**INPUT DATA**
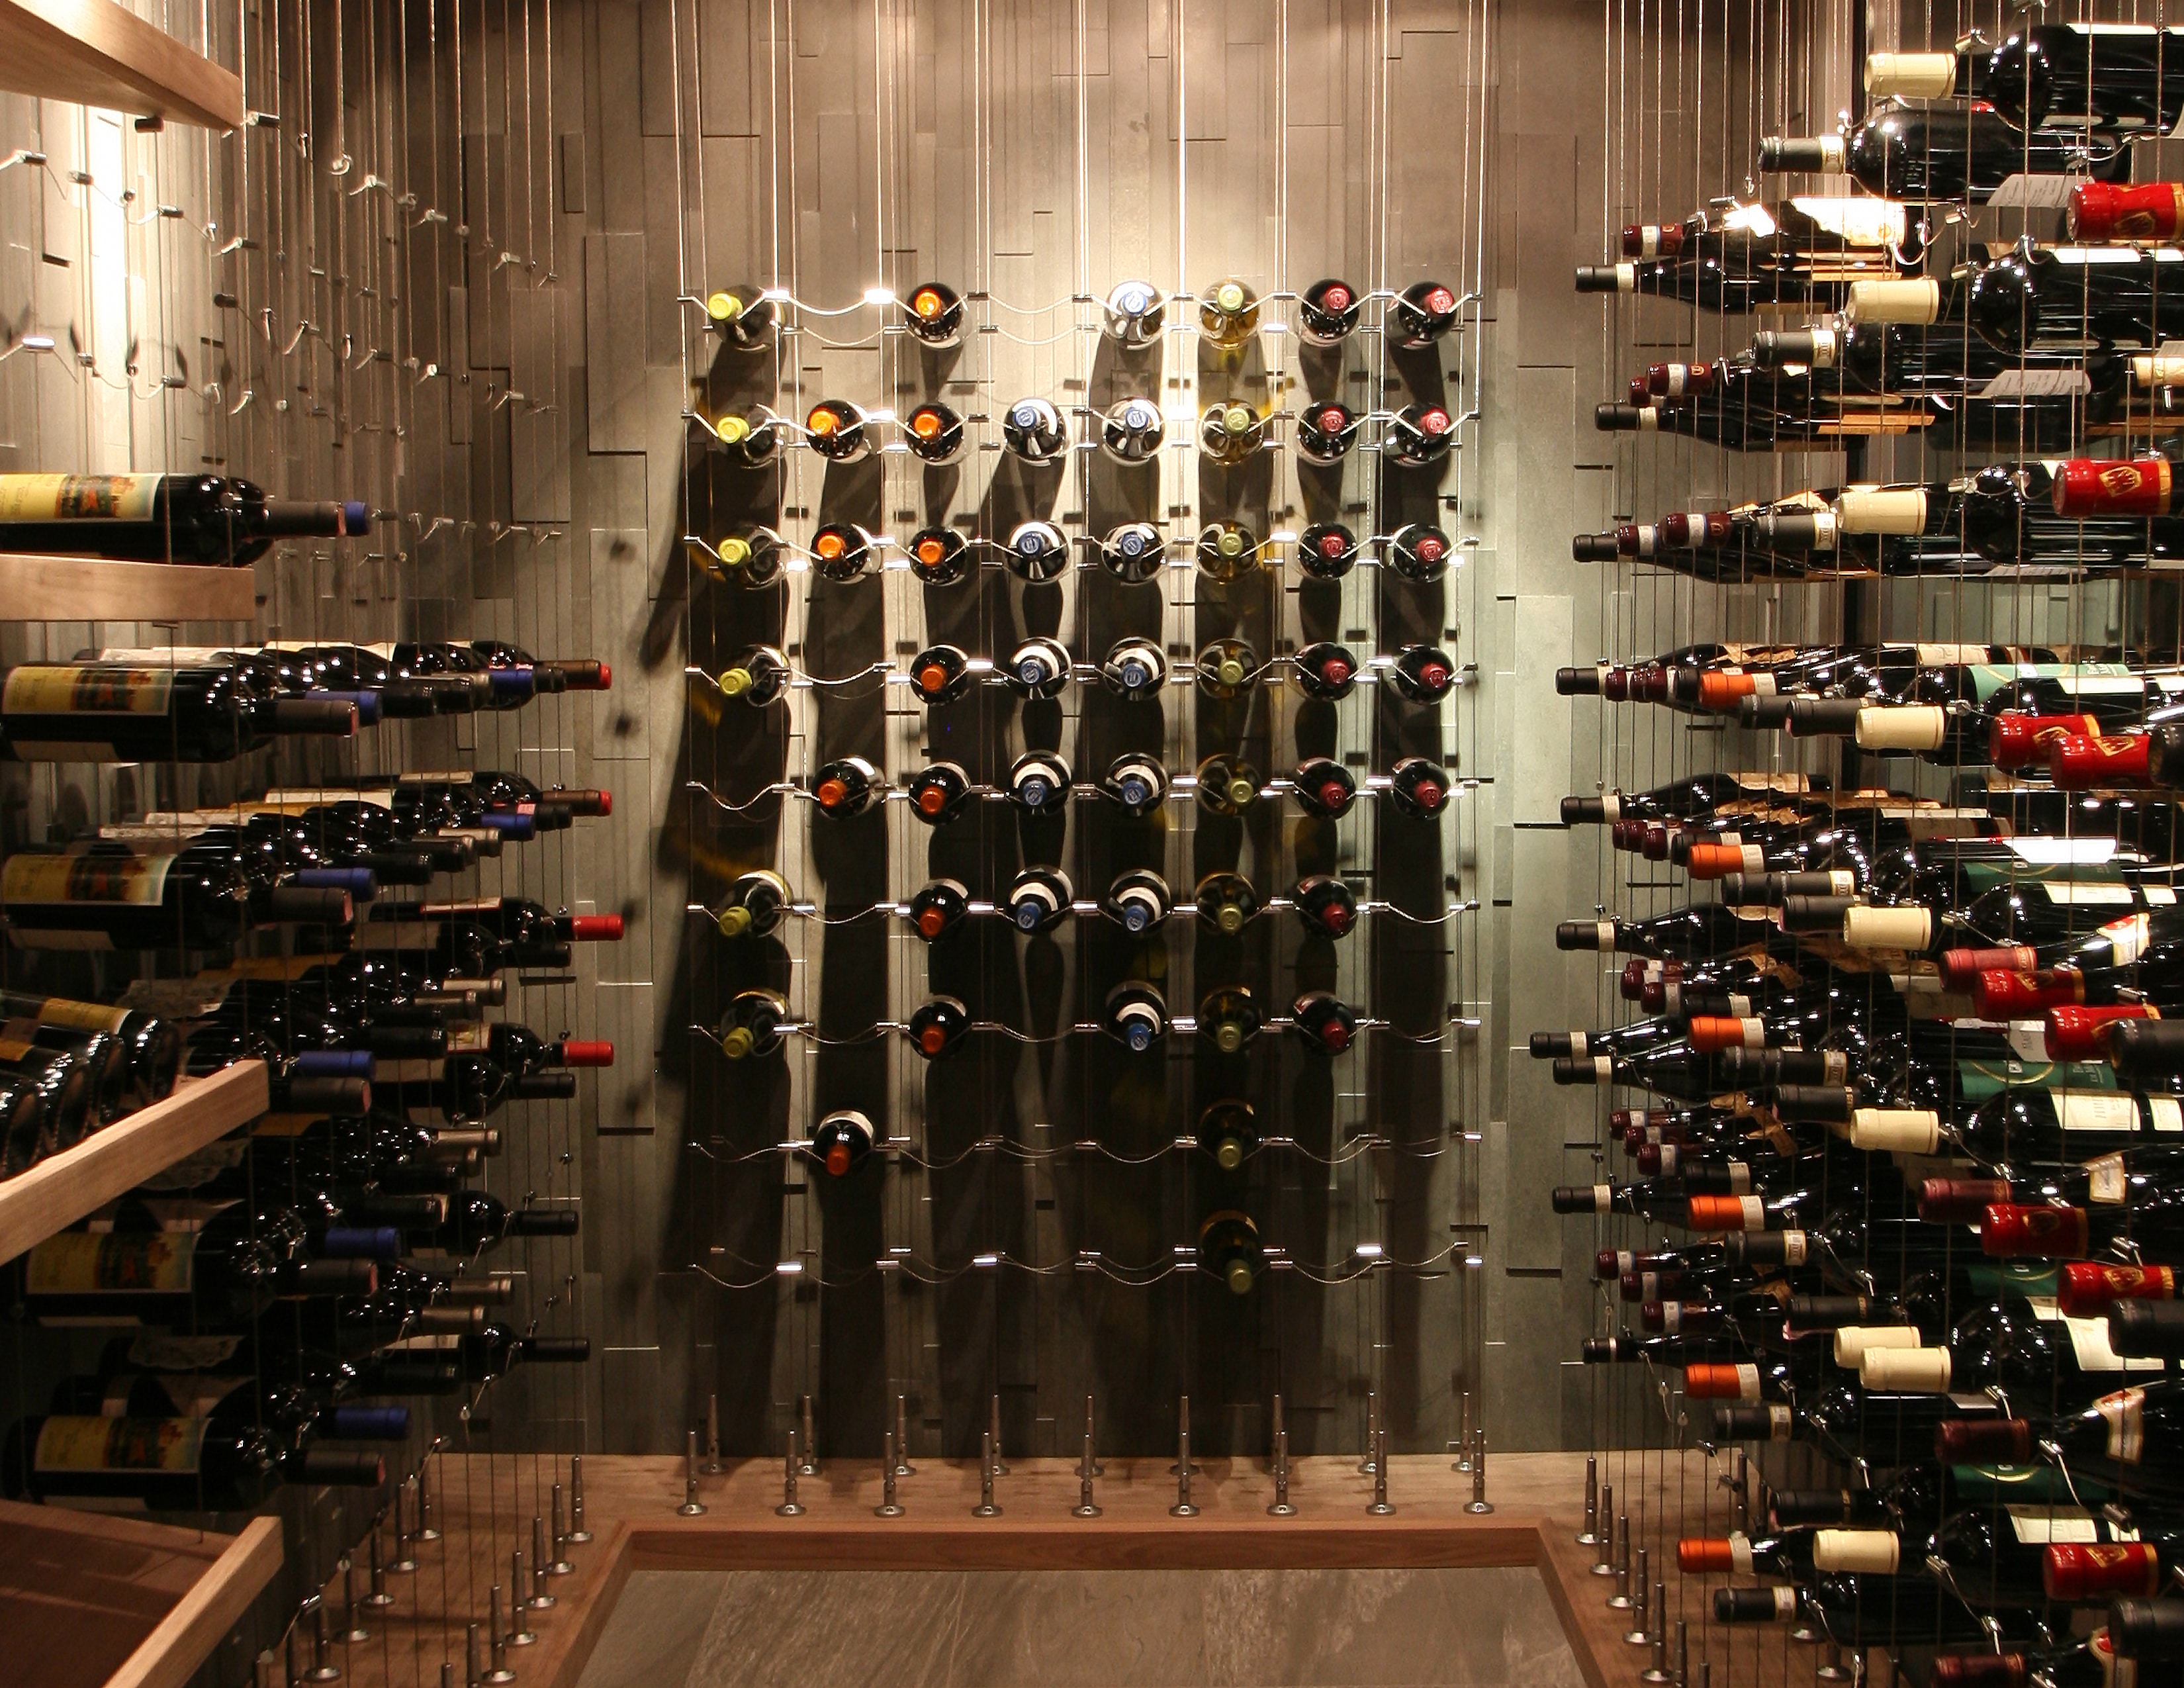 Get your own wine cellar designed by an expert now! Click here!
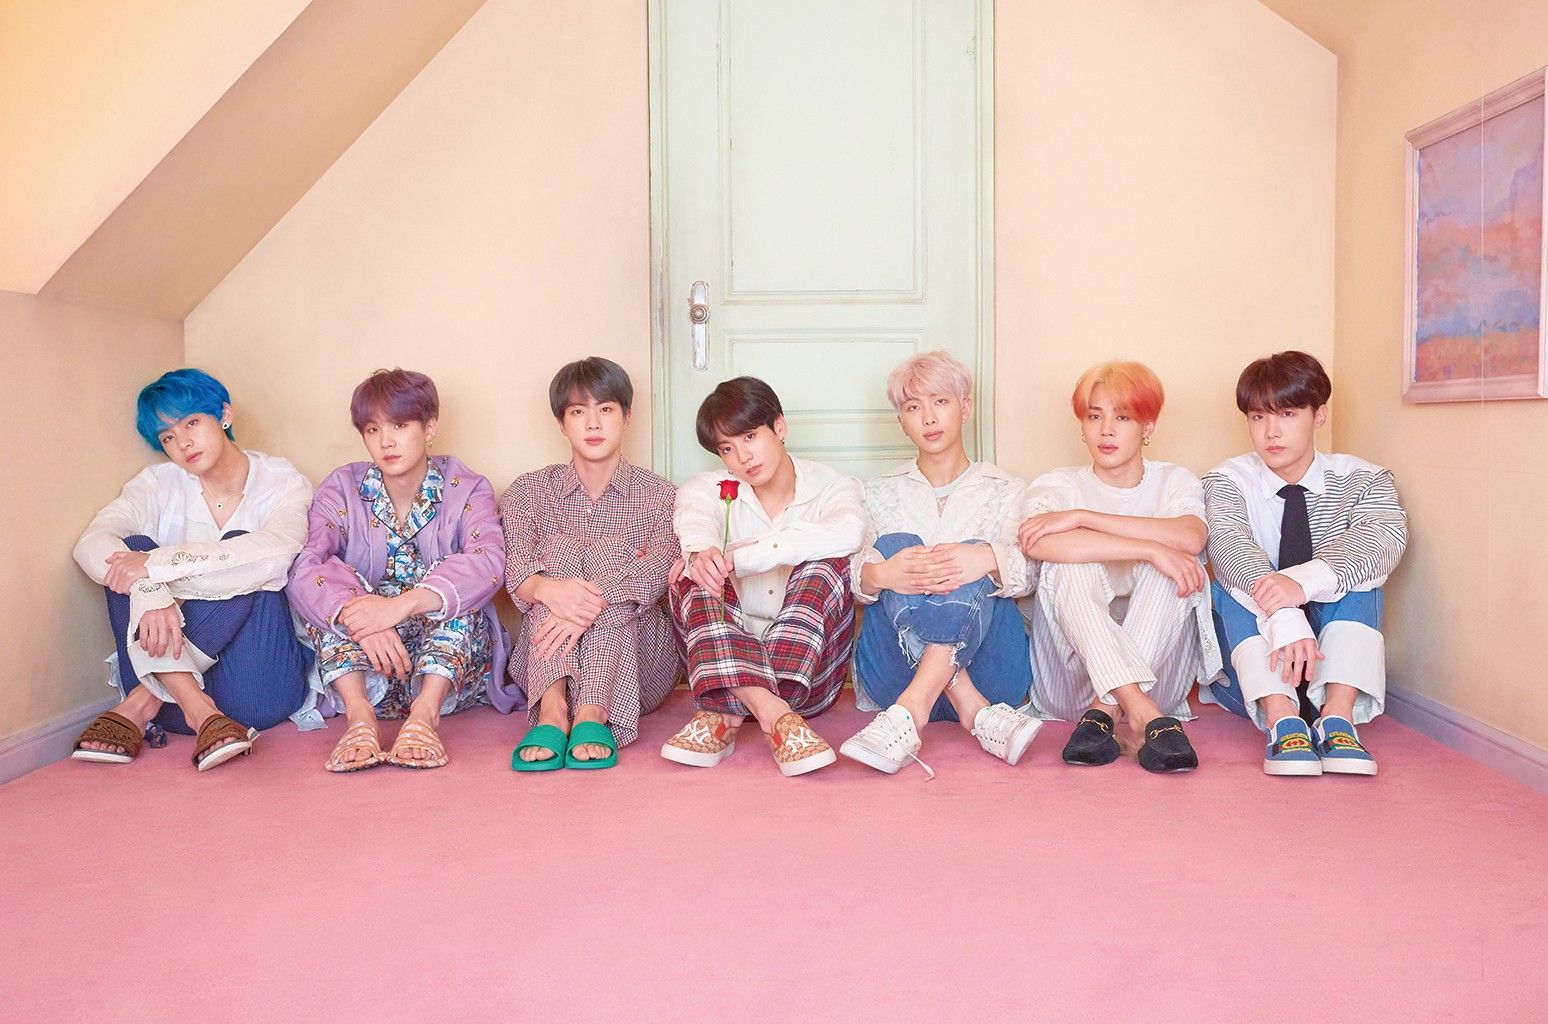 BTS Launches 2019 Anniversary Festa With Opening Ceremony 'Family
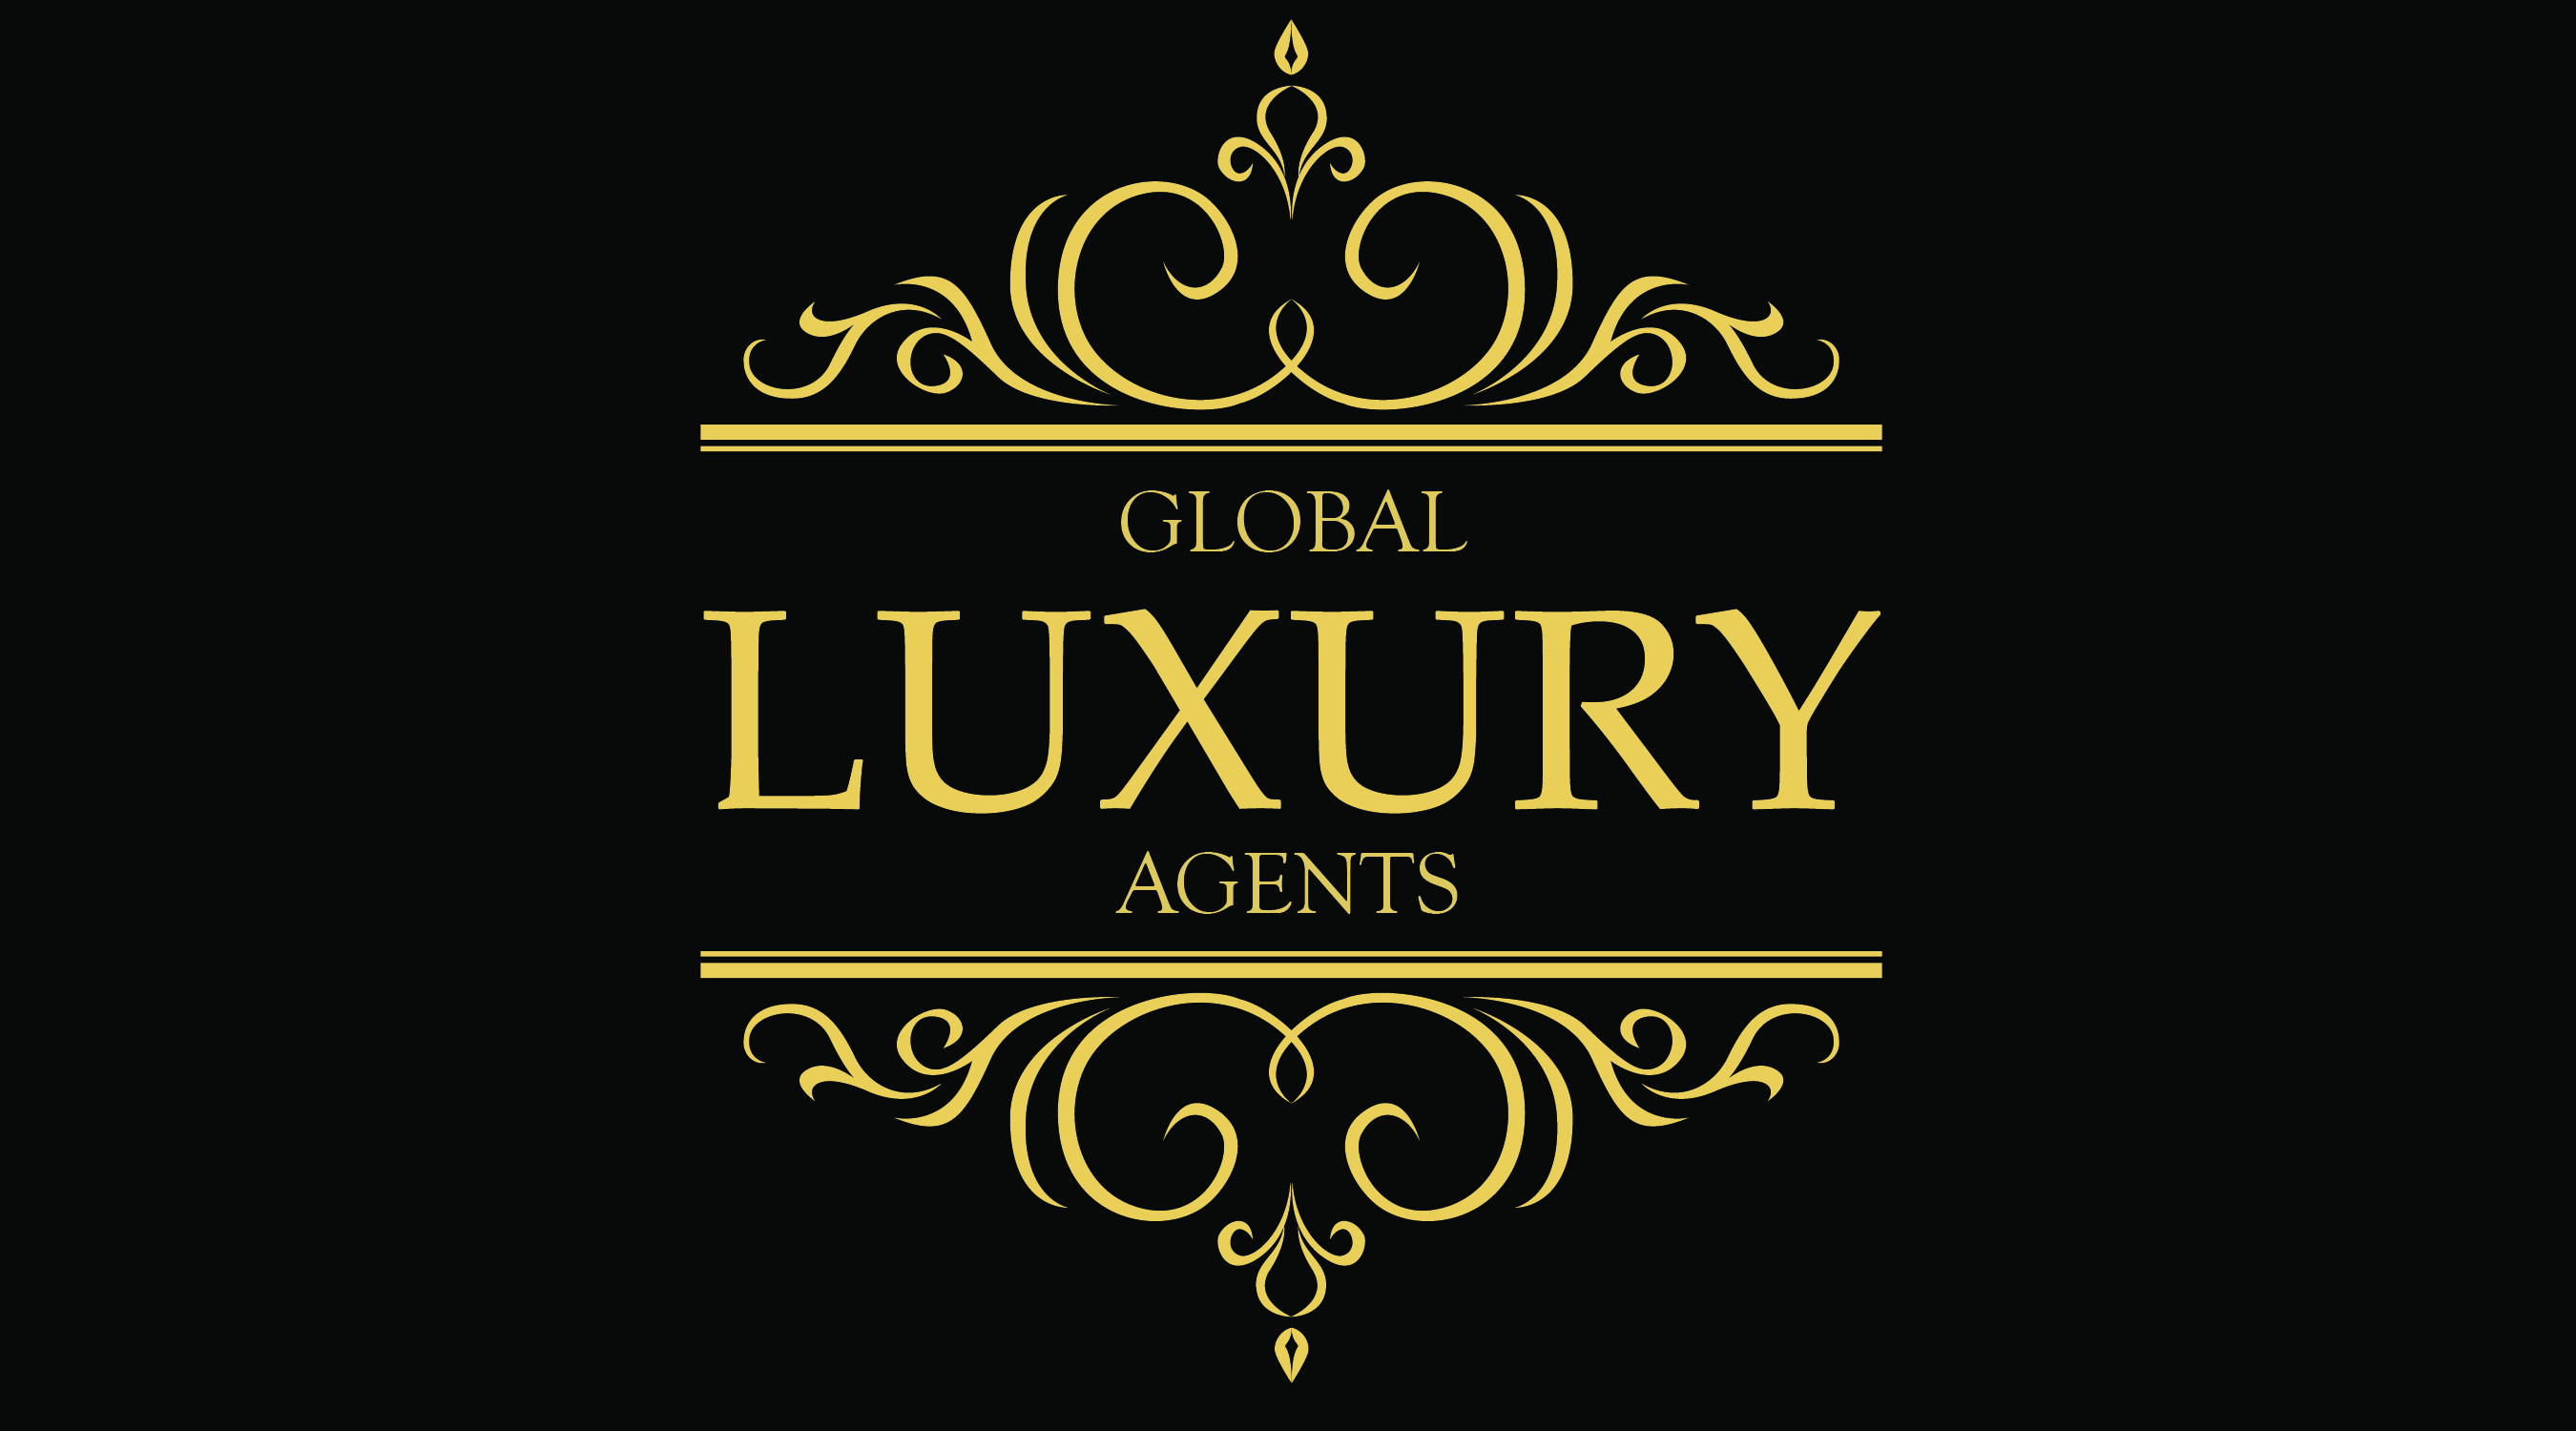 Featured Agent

**DIRECTIONS**
Pictures aside, return all of the material exactly as written.

**ANSWER BOX**
 Get your own wine cellar designed by an expert now! Click here!
 BTS Launches 2019 Anniversary Festa With Opening Ceremony 'Family
 Featured Agent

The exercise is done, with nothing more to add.